Рисунки баталиста - Александр Проханов
Шрифт:
Интервал:
Закладка:
Веретенов чувствовал, как напряглось тело сына. Вспомнил, как купали его с женой в те первые его месяцы. Как плескался он в ванночке, выбрасывал на сарафан жены целые водопады и розовая ткань сарафана тяжелела, прилипала к ногам, а сын таращил восхищенно глаза, весь в улыбке. Пытался вспомнить, что делал он сам, Веретенов, когда выстрелил снайпер. Просто спал поздним московским сном после вечеринки с друзьями? Или уже был на этюдах, любовался усадьбой в Архангельском? Или выходил от возлюбленной, опустошенный и вялый, ловил у Таганки такси? Что он делал, отец, когда сын держал на руках голову друга, трясся на гремучем железе?
– Но ты, папа, зря себя укоряешь. В чем твоя вина? Наоборот, я так часто тебя вспоминаю. Тебя и маму. То время, когда мы жили все вместе. Дружно, счастливо. Это я вспоминаю. Это мне в помощь. Это меня спасает. И знаешь, что особенно часто я вспоминаю? Сказать тебе, папа?
– Скажи, сынок…
Ракеты погасли. Опять были звезды. Медленно, мерно текли. Над их головами вращалась огромная сфера. А они сидели обнявшись, отец и сын, неразлучные, любящие.

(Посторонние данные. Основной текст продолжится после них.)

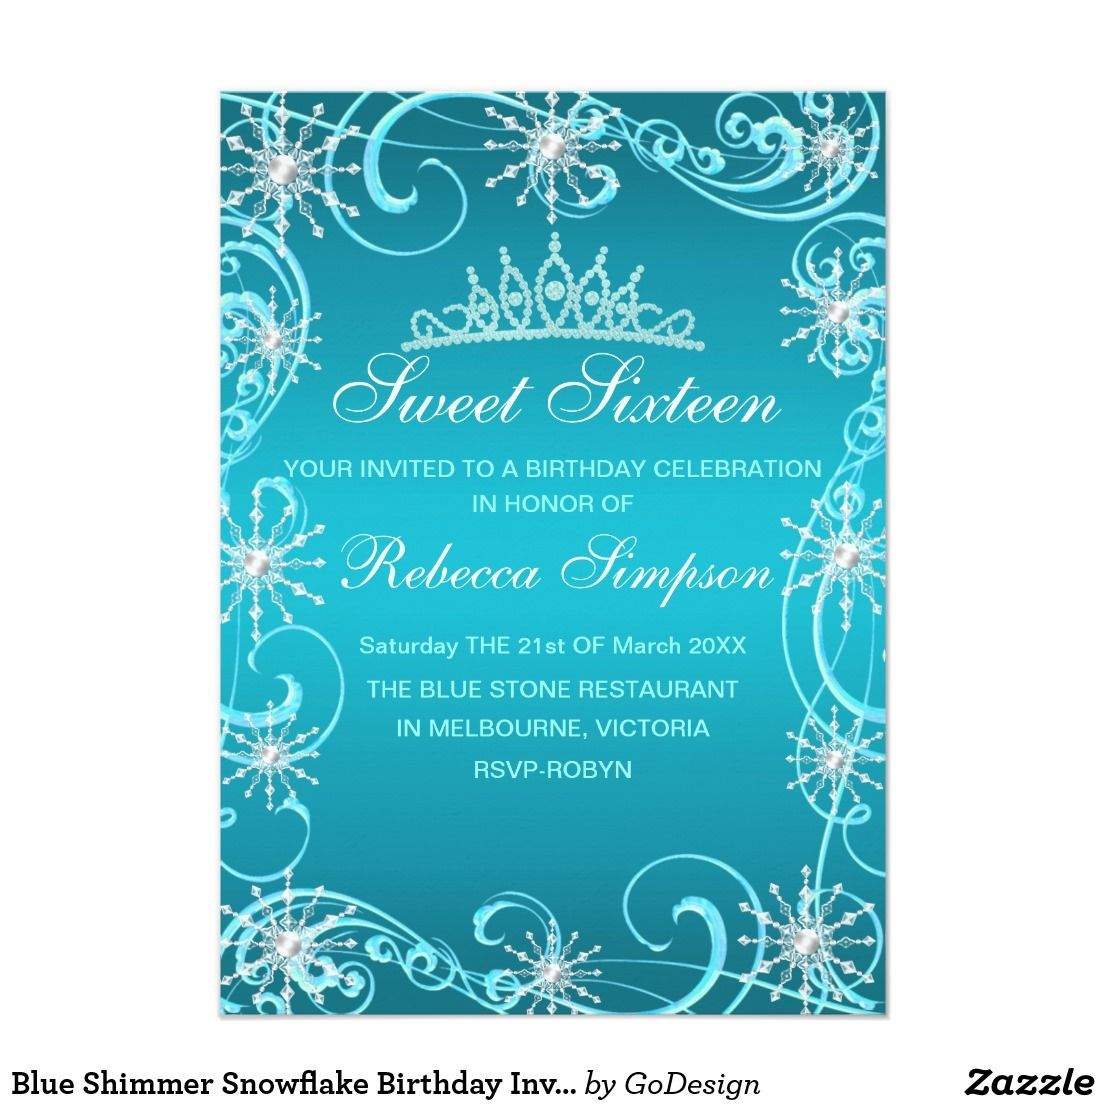 blue shimmer snowflake birthday invite

– Вспоминаю один мой день, вернее вечер, очень давнишний, когда я был в детском саду. Это было перед Новым годом. Мы все веселились, танцевали, получали подарки. И было какое-то особое детское ощущение праздника, счастья! Потом, ближе к вечеру, все стали расходиться. За всеми приходили родители, надевали шубки, шапки и уводили. И наконец я остался один. Почти везде выключили свет. Было темно, холодно. Мне вдруг показалось, что вы меня бросили – за какую-то мою вину – и больше никогда за мной не придете. Это был не страх, это был ужас! Была такая покинутость, такая тоска смертельная, если только у ребенка может быть смертельная тоска! Я не плакал. Просто оцепенел и омертвел от горя. Знал, что уже больше никогда не увижу вас, мой дом, мои игрушки. Потом где-то хлопнула дверь. Раздались шаги. Ближе, ближе. И ты вошел с улицы, весь в снегу, и во мне – такое счастье! Такая к тебе благодарность, любовь, на все последующие годы, до конца! Ты одел меня, нес на руках домой. Я помню снег повсюду – на земле, на деревьях, на твоих плечах. Елки с огоньками, то ли в окошках, то ли на витринах, то ли на бульваре. Ты, горящие елки, снежная Москва и моя любовь к тебе, мое ликование! Неужели ты этого не помнишь?
– Конечно, помню, сынок!
– И еще один случай. Недавно его вспомнил, когда стало худо, тоскливо. Помнишь, у тебя была коробка красок? «Заповедная», как ты ее называл. Кто-то ее тебе привез из Италии, из самого Ватикана. Там были драгоценные краски. Золотая, из чистого золота. Серебряная, из чистого серебра. Голубая, из какого-то драгоценного камня. Красная, алая, то ли из рубина, то ли из граната. Ты даже трогать их запрещал. Говорил, что им цены нет. Что используешь эти краски для своей самой важной, самой главной картины. Ты помнишь?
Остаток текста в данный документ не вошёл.